In the International Journal of Cosmetic Science the article, “Effects Of Thermal Treatments With A Curling Iron On Hair Fiber”, describes how conditioner improves the life appearances of thermal treated dry hair fibers. Conditioners get the hair to look and microscopically be healthier. Using deep conditioners, during the dryer/colder seasons, weekly and leave-in conditions a few times a week will repair and keep away “split-ends”. Very little to no split-ends decrease the amount of damaged hair, so little needs to be trimmed off.
Using oils on the scalp and tips of the hair is an effective way to eliminate dryness and breakage. In a U.S. Patent by Lanita Jones, discusses an oil-based scalp treatment composition, the vegetable and mineral oil mixture and how it restored moisture to the dry areas of scalp. The patent goes on to say that if heat is applied by sitting under a hair dryer the oils’ effects last longer. Though the patent refers to a vegetable and mineral based oil the popular argon, Shea, Aloe Vera and olive oils are best for relaxed hair.
3. Demand for clean air, water, food – and Hair Care
In your collection of hair products, how many are natural? Natural doesn’t mean homemade “oatmeal recipies”. A natural product means a toxin-free product. Many young women aren’t aware of toxic-free products is an option. Founder and Editor-in Chief of Organic Beauty Talk, Brandie Gilliam, shares her reaction after hearing about the “Terrible Touch-Me-Nots” or toxic ingredients listed on the back of hair products. “Nobody ever said read an ingredient label on your product.” So with the news Gilliam turns to her own collection of hair products. She laughs and recalls how she had nothing left after her inspection.
The toxins are that common. From Gilliam’s website she lists the “Terrible Touch-Me-Nots” and from this list many young women can hold up their bottles and see if something as innocent as, fragrance, is listed. The effects of this ingredients alone are reported to cause dizziness, headaches, and even vomiting. Remember, what you put on your head effects your whole body.
The FDA regulates our foods and drugs but ever since 1938, according to Organic Beauty Talk, the cosmetic companies are self-regulated. The best way to not be fooled by popular brands is to look elsewhere. By looking for products that say natural, organic, and chemical-free you can stop subjecting your body to poisons.
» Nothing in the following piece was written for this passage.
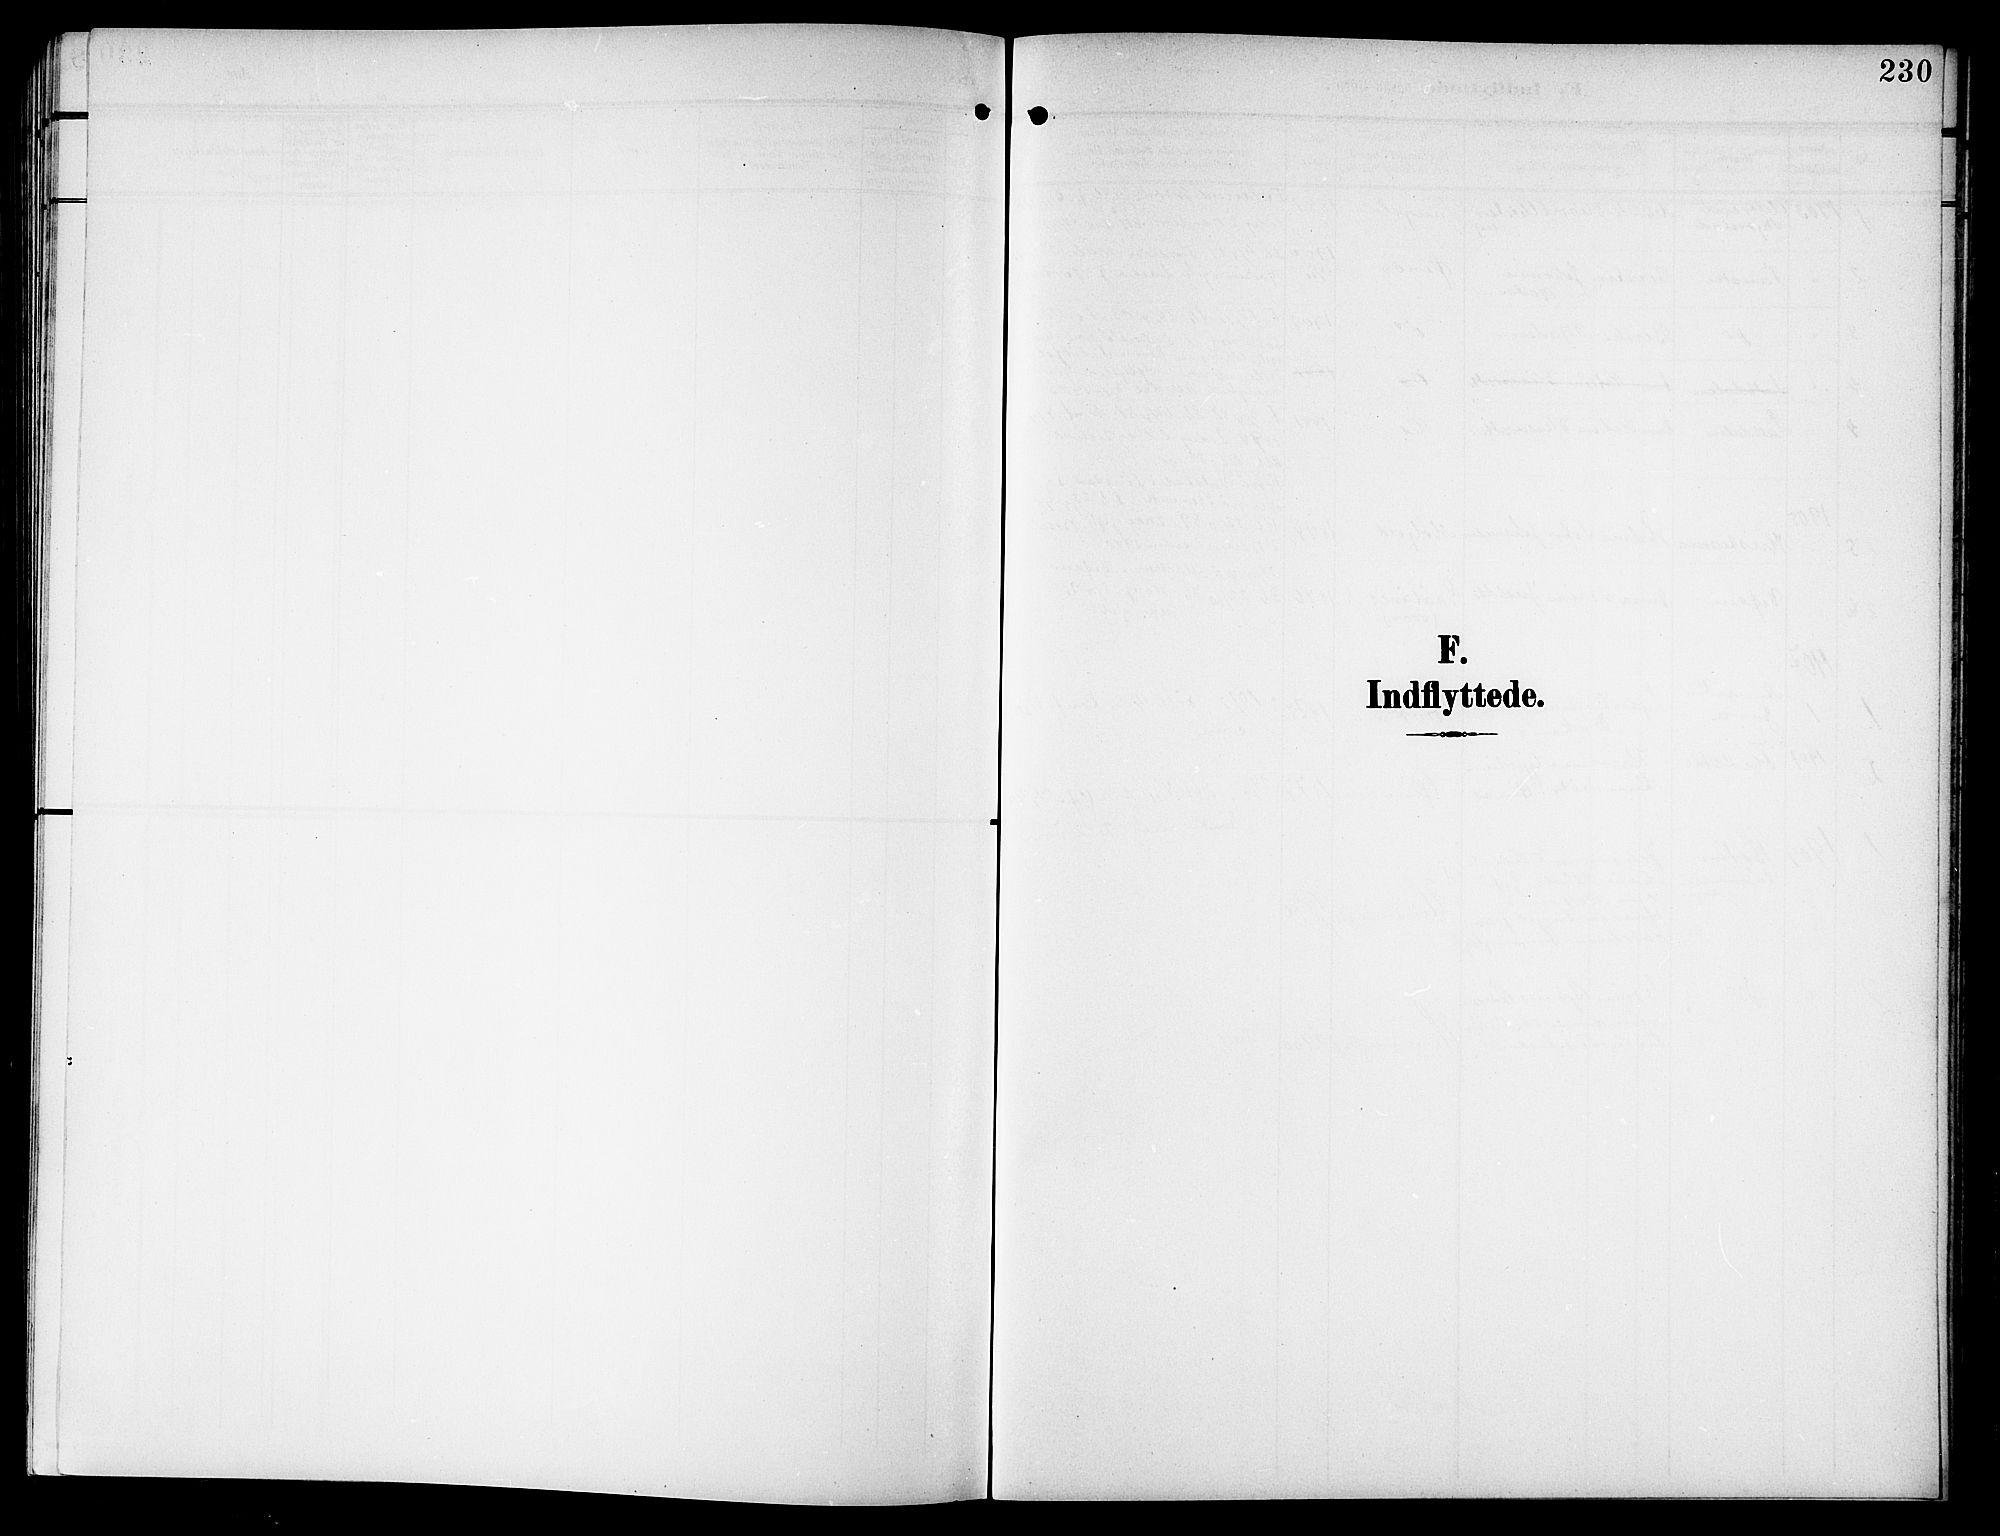 SAT, Ministerialprotokoller, klokkerbøker og fødselsregistre - Nordland, 846/L0647: Klokkerbok nr. 846C05, 1902-1916, s. 230

Gilliam explains that at the beginning of her toxic-free “journey” it was difficulty to find natural products, but nowadays natural is more popular than ever. In stores the natural products are sitting right beside all the “others” and it’s you the shopper that must look for the healthier option. There’s no excuse not to buy natural products, particularly when the prices are the same as the popular toxic brands.
As a young woman with relaxed hair your future isn’t determined by the past. You can grow healthy relaxed hair. It’s like what Gilliam calls “a journey” to discovering what works best for your hair, lifestyle and most importantly how to get and keep it.